_AIM OF THE TASK_: Repeat the listing word for word, but skip any pictures.
Top of DATA
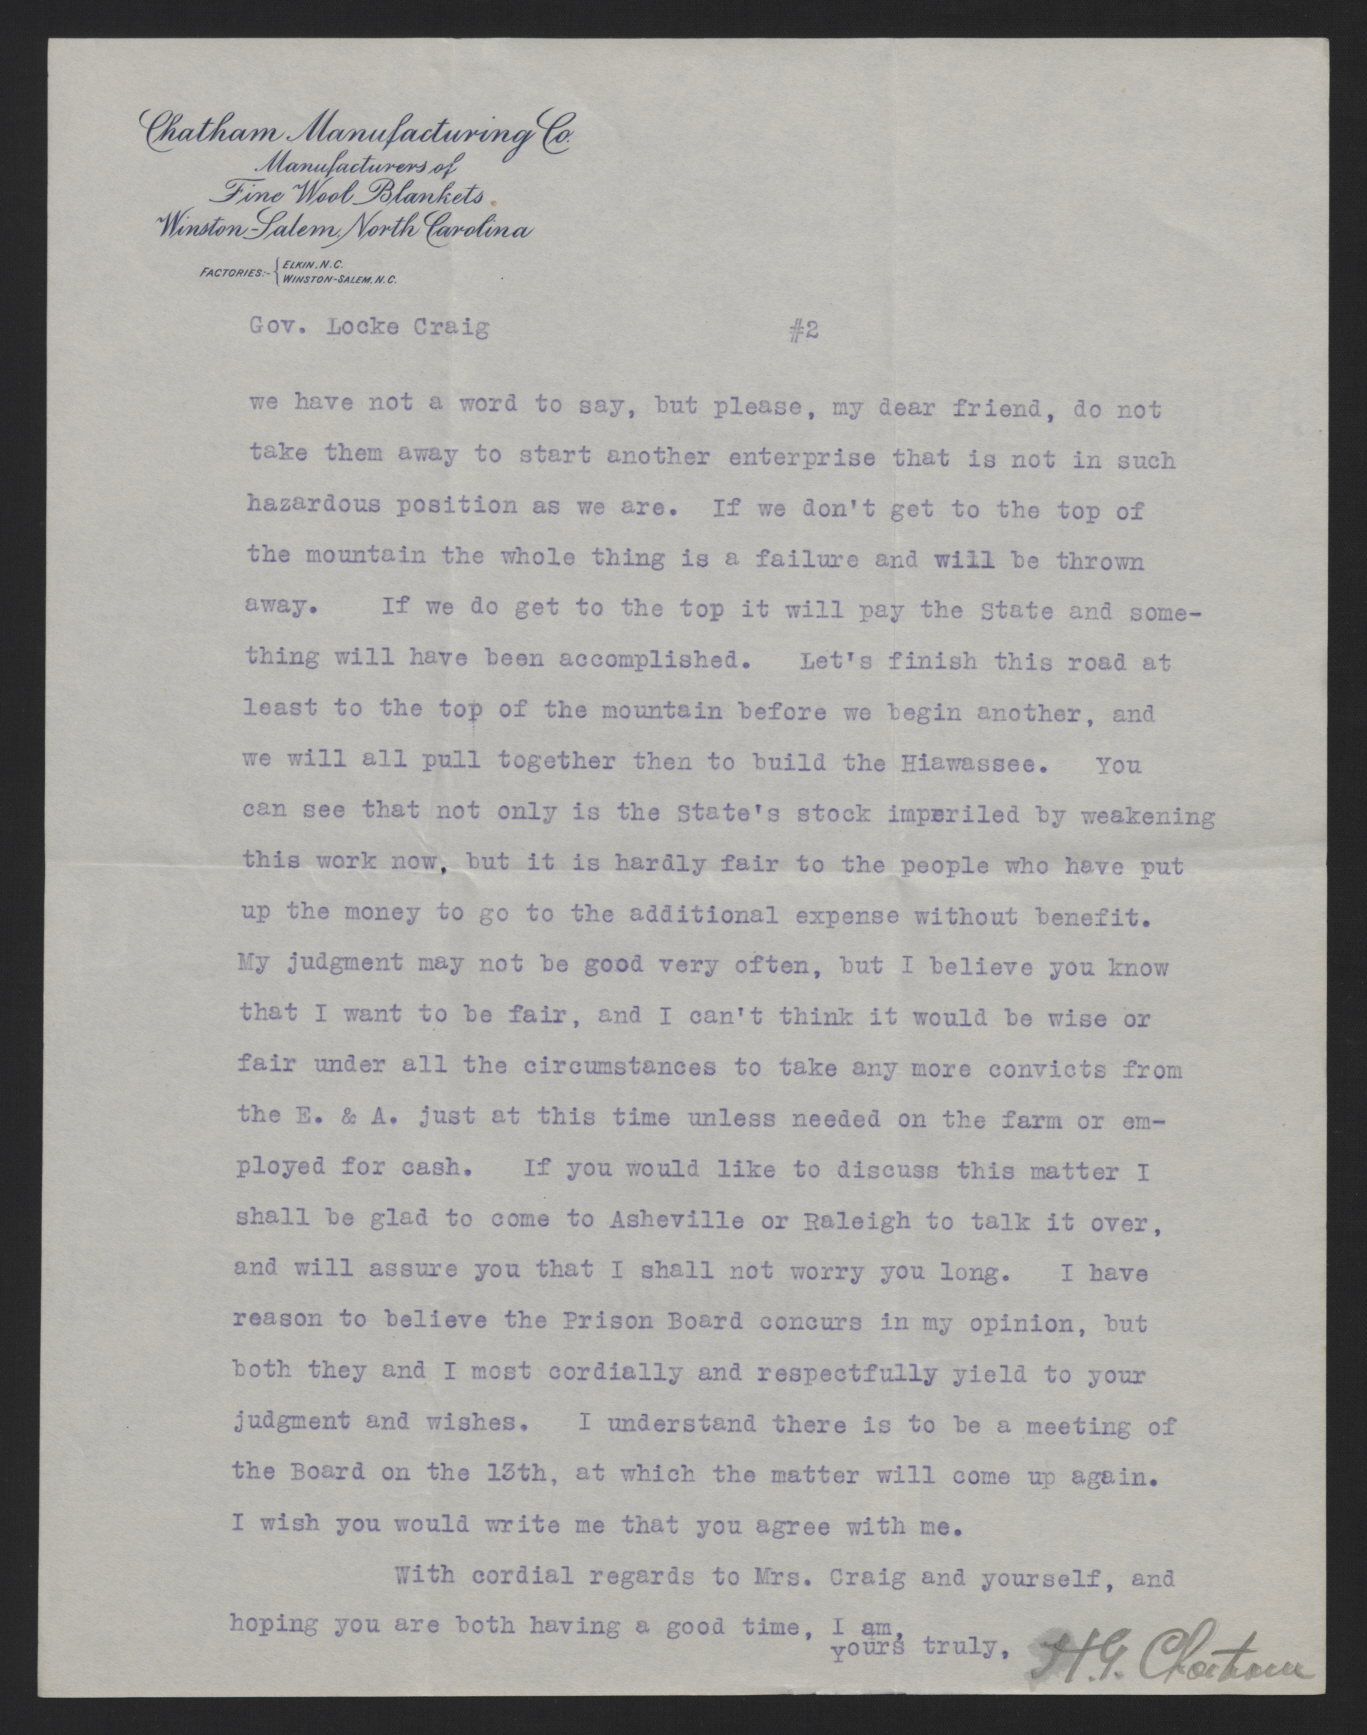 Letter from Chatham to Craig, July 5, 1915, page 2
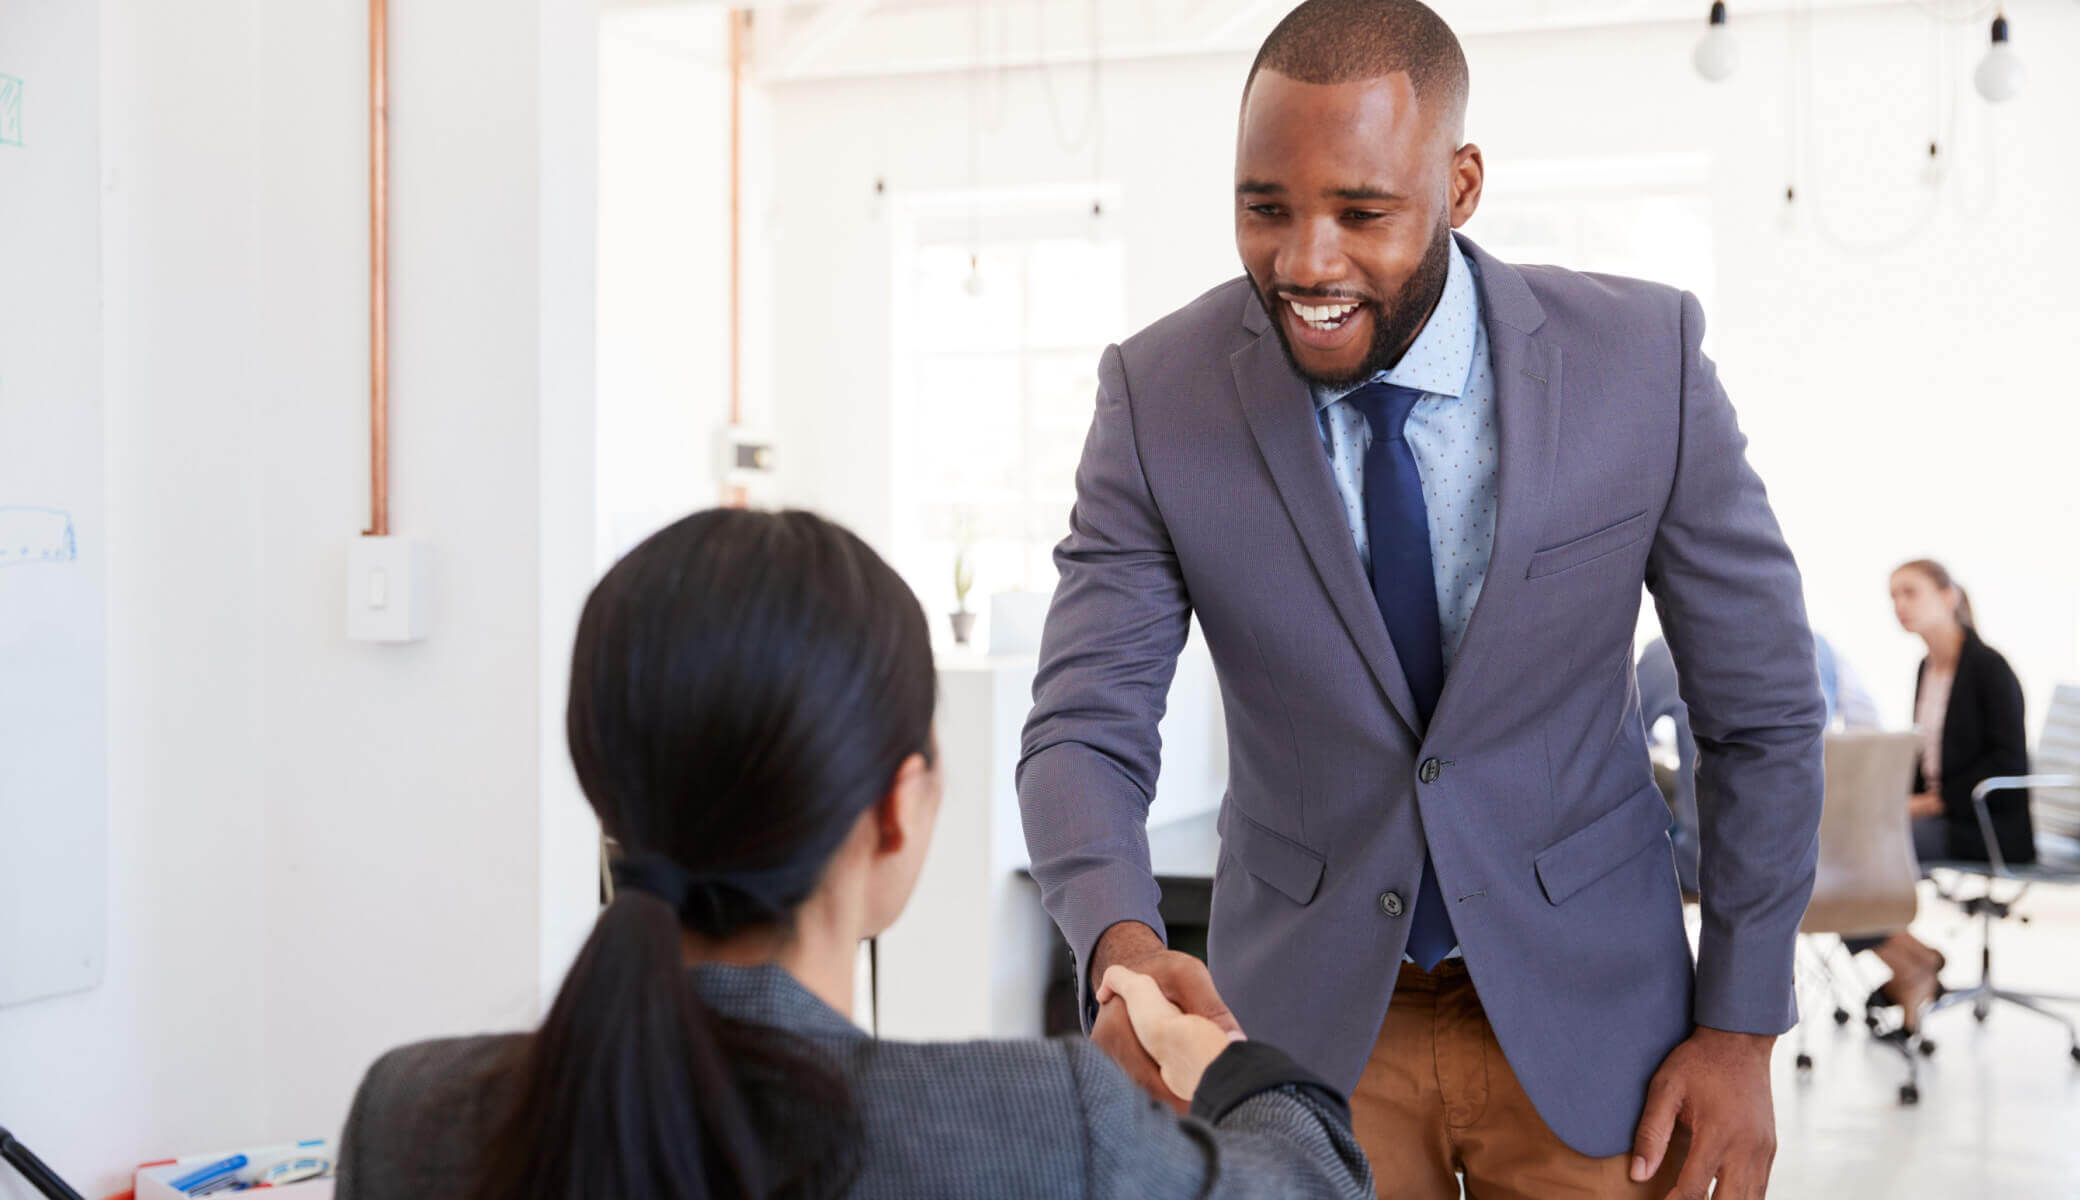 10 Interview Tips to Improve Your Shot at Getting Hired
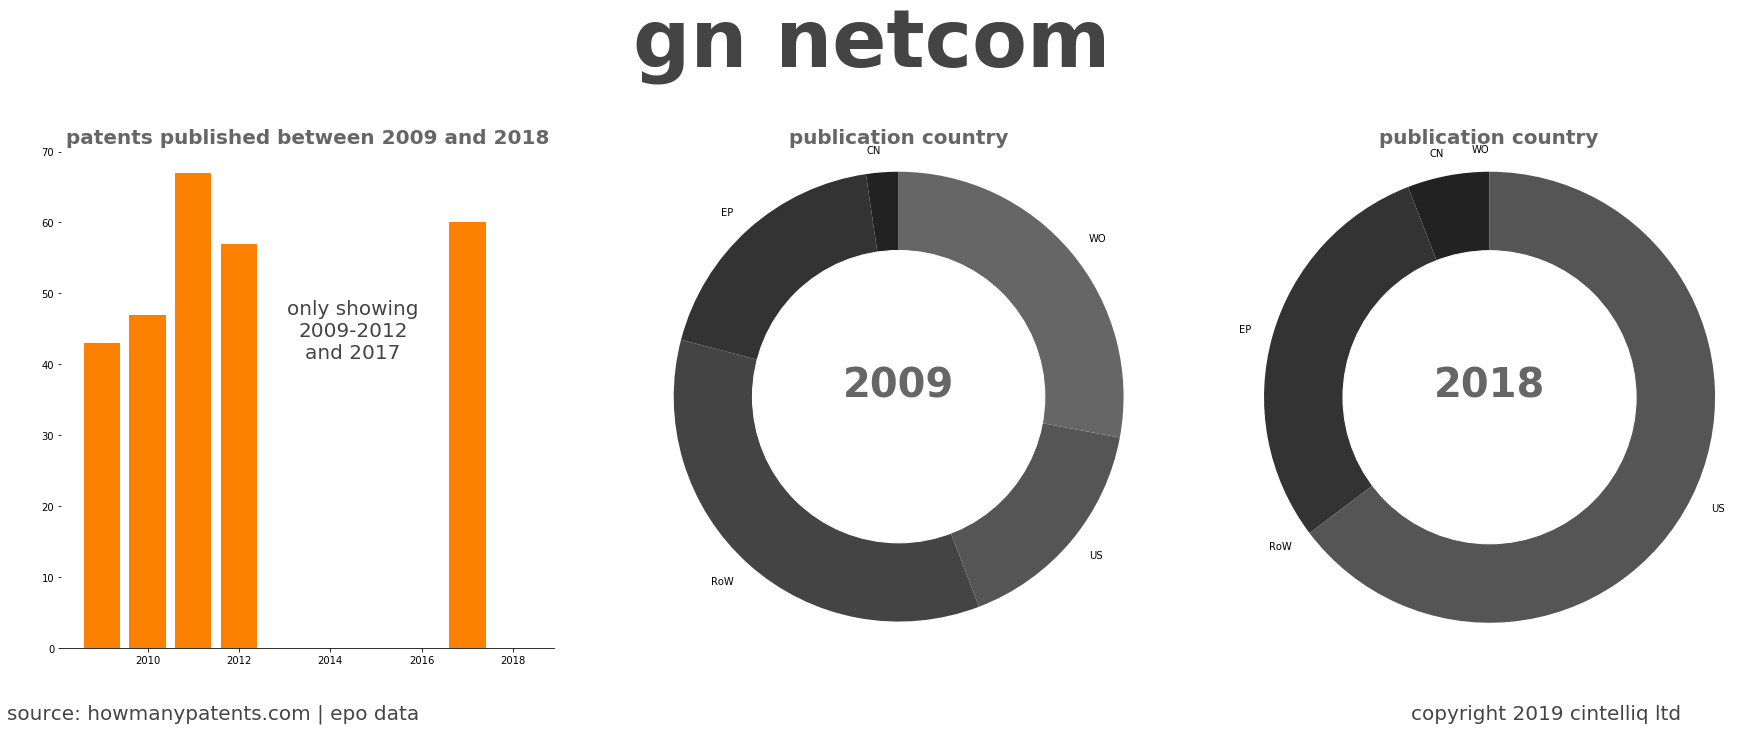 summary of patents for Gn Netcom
Bottom of DATA
_SOLUTION TO THE EXERCISE_:
 Letter from Chatham to Craig, July 5, 1915, page 2
 10 Interview Tips to Improve Your Shot at Getting Hired
 summary of patents for Gn Netcom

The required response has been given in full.